In the 14 years since, countless cupcake stores cropped up to fuel the trend, from home-baked mom and pop outfits to public companies like Crumbs.

The 11-year-old firm traded on NASDAQ until late last month, when it was forced to delist due to insufficient profits among other problems.

On Monday, Crumbs notified its employees that all its stores across 12 states would close immediately. (The company didn't immediately respond to a request for further information, including job losses; this post will be updated if they do.)

In 2013, when we wrote of the cupcake's imminent death, Crumbs' stock had sunk to $1.27 from a 2011 peak of $13. The day the company gave notice of its delisting, shares closed at 23 cents.

At the time, Wedbush Securities restaurant analyst Nick Setyan noted that that Crumbs' $3.50-plus-per-cupcake price tag made it an unappetizing prospect versus some of its cheaper regional counterparts -- not to mention Krispy Kreme and Dunkin Donuts.

At the latter, prices start at 25 cents for a 'munchkin', a 70-calorie doughnut hole that satisfies a sugar craving without representing such a huge chunk of one's recommended daily nutritional intake.

On Tuesday, Setyan said he wasn't surprised to see Crumbs close up shop. "They expanded too quickly with a product that simply was not differentiated or compelling enough," he said. "When the returns are not there, it's impossible to continue to operate."

Brian Sozzi, CEO of Belus Capital Advisors, understands the speedy proliferation of Crumbs and its mom-and-pop counterparts over the last decade. There's a low barrier of entry to market and a promise of high profit margins if run properly.

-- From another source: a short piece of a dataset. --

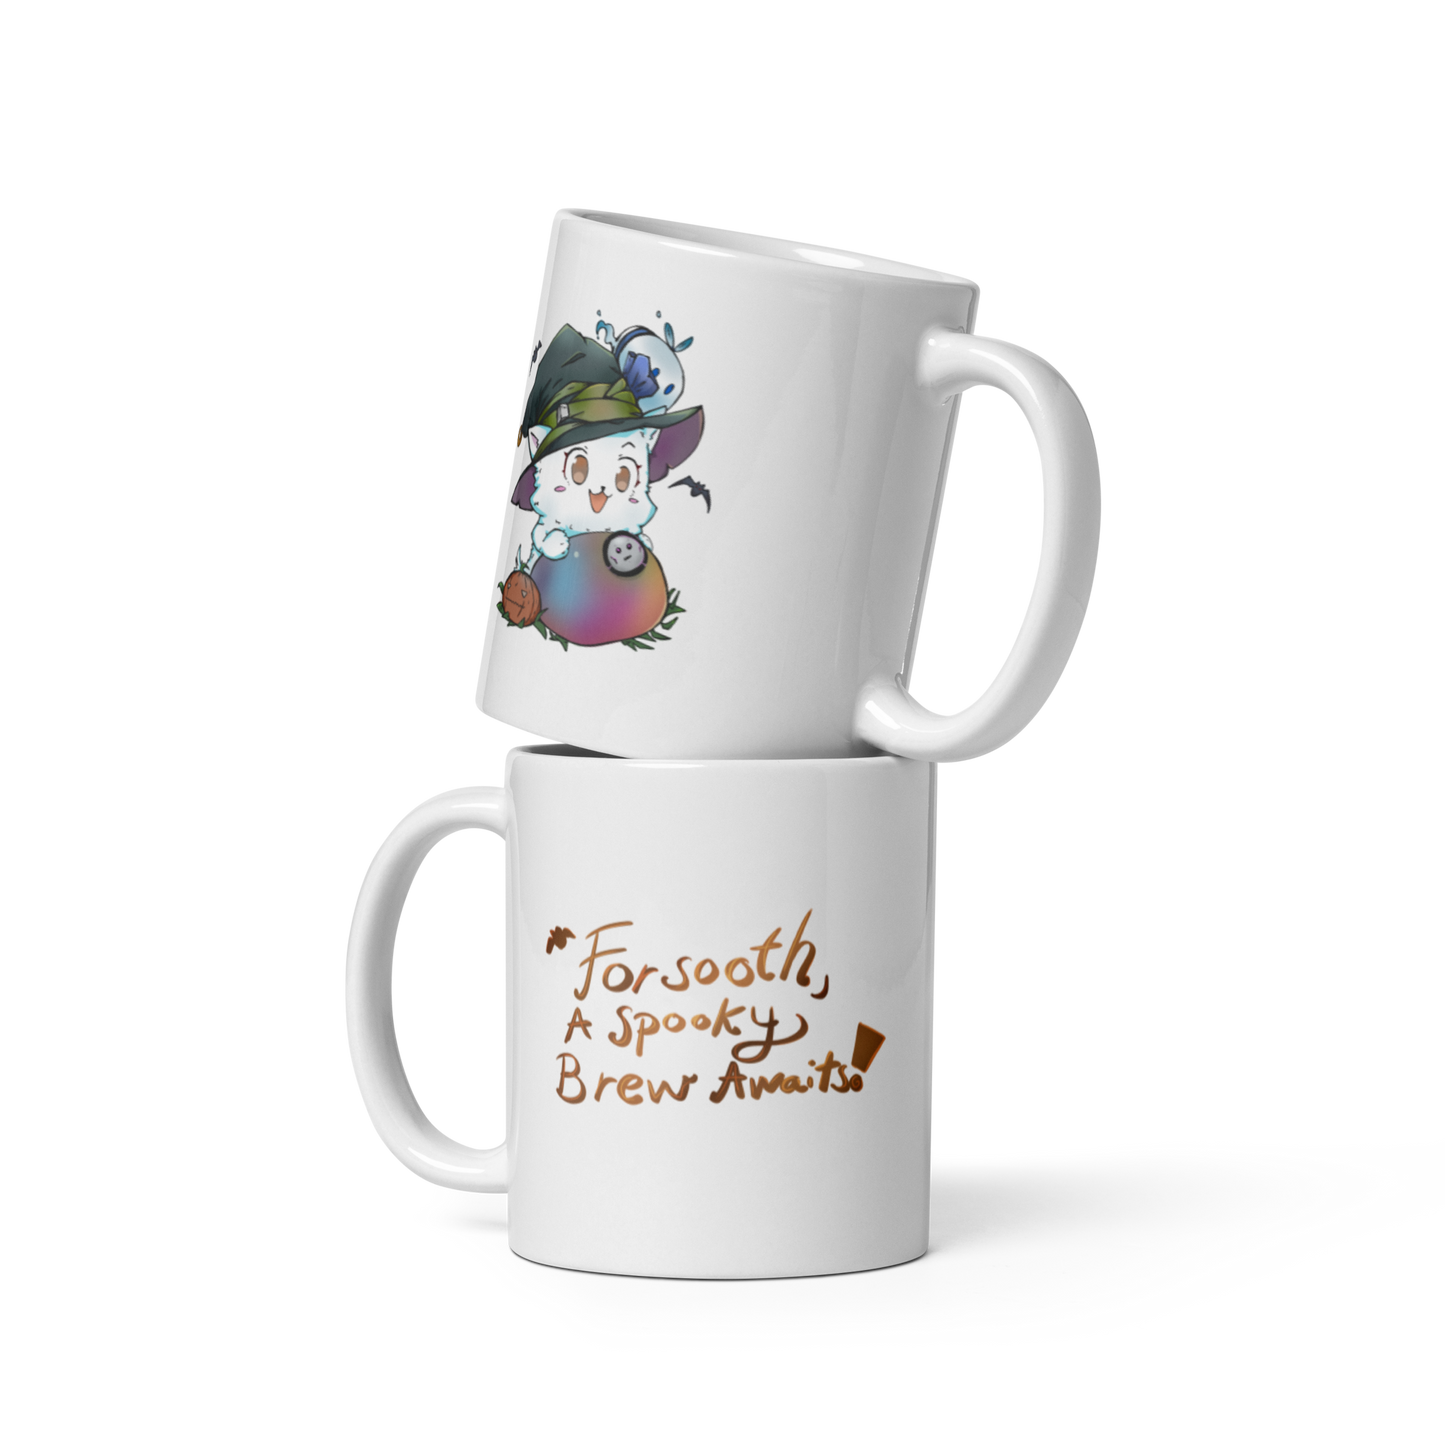 A Spooky Brew Mug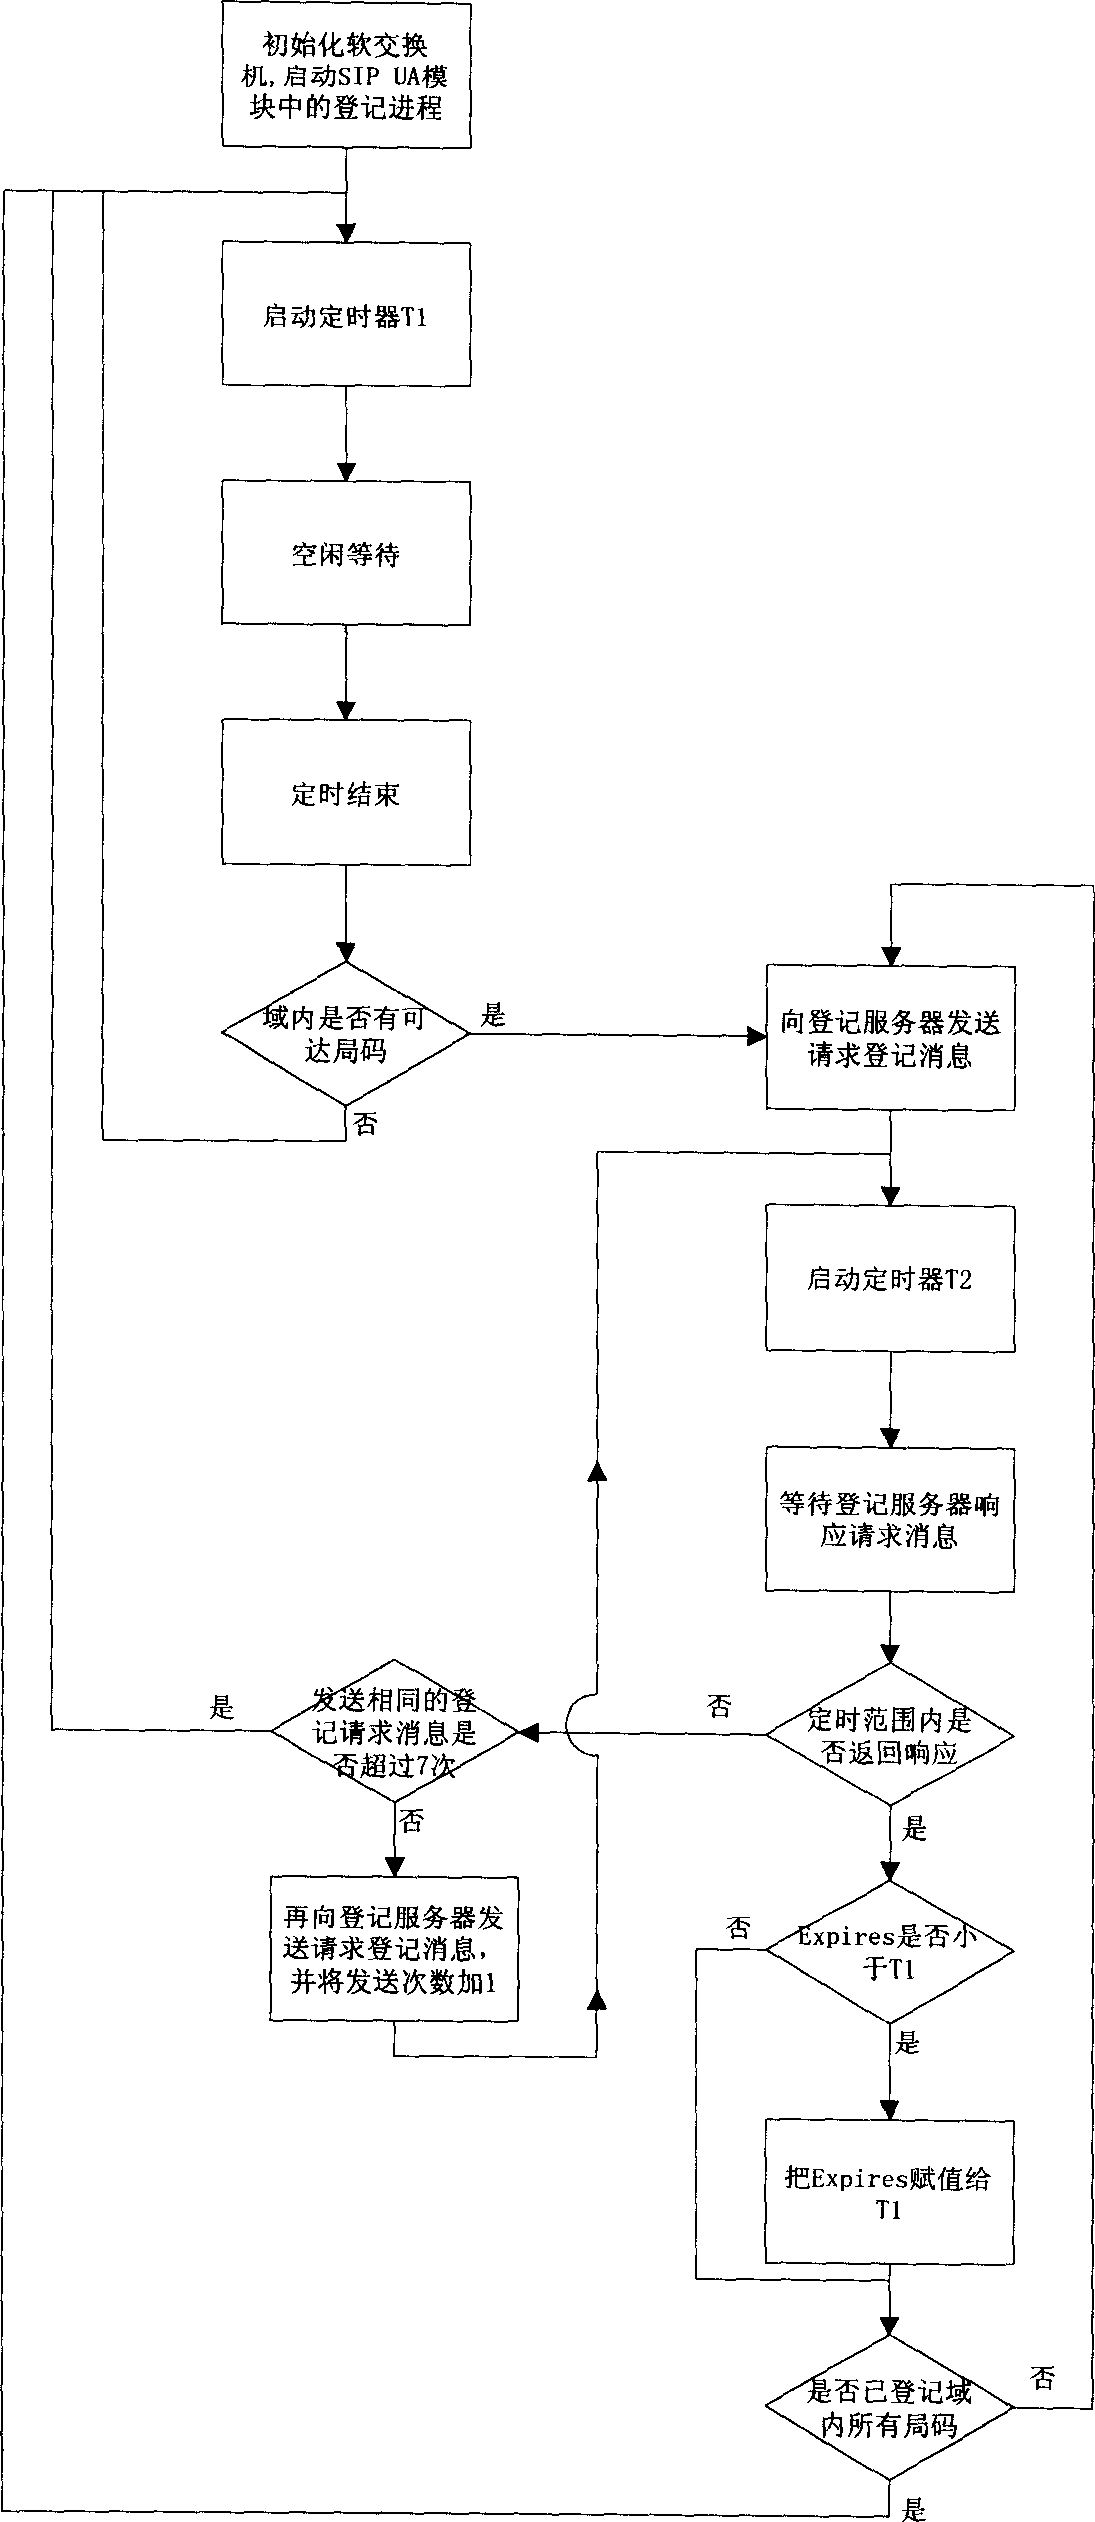 Registration method of flexible switchboard intra domain user

Today, he sees the end of the line for Crumbs as a warning for other one-item wonders: store chains trading off the popularity of one particular food or drink trend.

"The demise of Crumbs will go down as why one needs to appreciate the worldly success of Starbucks , and brilliance of Howard Schultz," said Sozzi, a retail and consumer expert, on Tuesday. "Unlike Crumbs and countless other niche restaurants and eateries, Starbucks has found a way to take the obsession with its core product and expand it into all sorts of fun eating and drinking experiences."

He added: "If you can't get beyond the one item that made you a star in the restaurant business, in the case of Crumbs its ginormous caloric bomb cupcakes, chances are you will die an ugly death."